> **Given records**:
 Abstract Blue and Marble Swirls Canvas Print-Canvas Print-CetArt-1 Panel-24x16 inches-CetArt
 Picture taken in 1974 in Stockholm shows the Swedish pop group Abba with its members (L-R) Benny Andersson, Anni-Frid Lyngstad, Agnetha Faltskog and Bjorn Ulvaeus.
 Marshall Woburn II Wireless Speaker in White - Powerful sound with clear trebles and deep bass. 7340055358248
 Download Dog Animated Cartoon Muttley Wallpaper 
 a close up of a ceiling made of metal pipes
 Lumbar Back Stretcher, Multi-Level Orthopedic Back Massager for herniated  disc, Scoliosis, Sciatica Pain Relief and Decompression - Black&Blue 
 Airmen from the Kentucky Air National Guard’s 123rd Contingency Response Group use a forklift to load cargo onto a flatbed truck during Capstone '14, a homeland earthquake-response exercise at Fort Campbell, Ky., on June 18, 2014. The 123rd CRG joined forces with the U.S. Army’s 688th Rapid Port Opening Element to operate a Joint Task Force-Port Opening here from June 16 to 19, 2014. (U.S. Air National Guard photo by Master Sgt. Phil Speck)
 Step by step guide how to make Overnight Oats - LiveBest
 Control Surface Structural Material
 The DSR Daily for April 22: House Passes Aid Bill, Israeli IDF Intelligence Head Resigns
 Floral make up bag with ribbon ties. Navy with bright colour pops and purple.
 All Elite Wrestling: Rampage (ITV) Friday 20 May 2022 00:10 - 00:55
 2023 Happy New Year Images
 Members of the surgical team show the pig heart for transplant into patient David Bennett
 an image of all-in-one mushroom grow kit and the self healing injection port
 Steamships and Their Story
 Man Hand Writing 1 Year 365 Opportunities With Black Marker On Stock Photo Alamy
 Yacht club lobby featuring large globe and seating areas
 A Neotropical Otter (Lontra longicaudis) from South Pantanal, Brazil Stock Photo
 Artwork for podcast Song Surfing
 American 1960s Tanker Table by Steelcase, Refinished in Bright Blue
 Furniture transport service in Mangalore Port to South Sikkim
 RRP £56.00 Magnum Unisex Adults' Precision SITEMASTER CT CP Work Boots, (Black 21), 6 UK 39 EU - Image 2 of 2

> **Problem description**: For this exercise, set down all of the entries again word for word.

> **Output for this task**:
 Abstract Blue and Marble Swirls Canvas Print-Canvas Print-CetArt-1 Panel-24x16 inches-CetArt
 Picture taken in 1974 in Stockholm shows the Swedish pop group Abba with its members (L-R) Benny Andersson, Anni-Frid Lyngstad, Agnetha Faltskog and Bjorn Ulvaeus.
 Marshall Woburn II Wireless Speaker in White - Powerful sound with clear trebles and deep bass. 7340055358248
 Download Dog Animated Cartoon Muttley Wallpaper 
 a close up of a ceiling made of metal pipes
 Lumbar Back Stretcher, Multi-Level Orthopedic Back Massager for herniated  disc, Scoliosis, Sciatica Pain Relief and Decompression - Black&Blue 
 Airmen from the Kentucky Air National Guard’s 123rd Contingency Response Group use a forklift to load cargo onto a flatbed truck during Capstone '14, a homeland earthquake-response exercise at Fort Campbell, Ky., on June 18, 2014. The 123rd CRG joined forces with the U.S. Army’s 688th Rapid Port Opening Element to operate a Joint Task Force-Port Opening here from June 16 to 19, 2014. (U.S. Air National Guard photo by Master Sgt. Phil Speck)
 Step by step guide how to make Overnight Oats - LiveBest
 Control Surface Structural Material
 The DSR Daily for April 22: House Passes Aid Bill, Israeli IDF Intelligence Head Resigns
 Floral make up bag with ribbon ties. Navy with bright colour pops and purple.
 All Elite Wrestling: Rampage (ITV) Friday 20 May 2022 00:10 - 00:55
 2023 Happy New Year Images
 Members of the surgical team show the pig heart for transplant into patient David Bennett
 an image of all-in-one mushroom grow kit and the self healing injection port
 Steamships and Their Story
 Man Hand Writing 1 Year 365 Opportunities With Black Marker On Stock Photo Alamy
 Yacht club lobby featuring large globe and seating areas
 A Neotropical Otter (Lontra longicaudis) from South Pantanal, Brazil Stock Photo
 Artwork for podcast Song Surfing
 American 1960s Tanker Table by Steelcase, Refinished in Bright Blue
 Furniture transport service in Mangalore Port to South Sikkim
 RRP £56.00 Magnum Unisex Adults' Precision SITEMASTER CT CP Work Boots, (Black 21), 6 UK 39 EU - Image 2 of 2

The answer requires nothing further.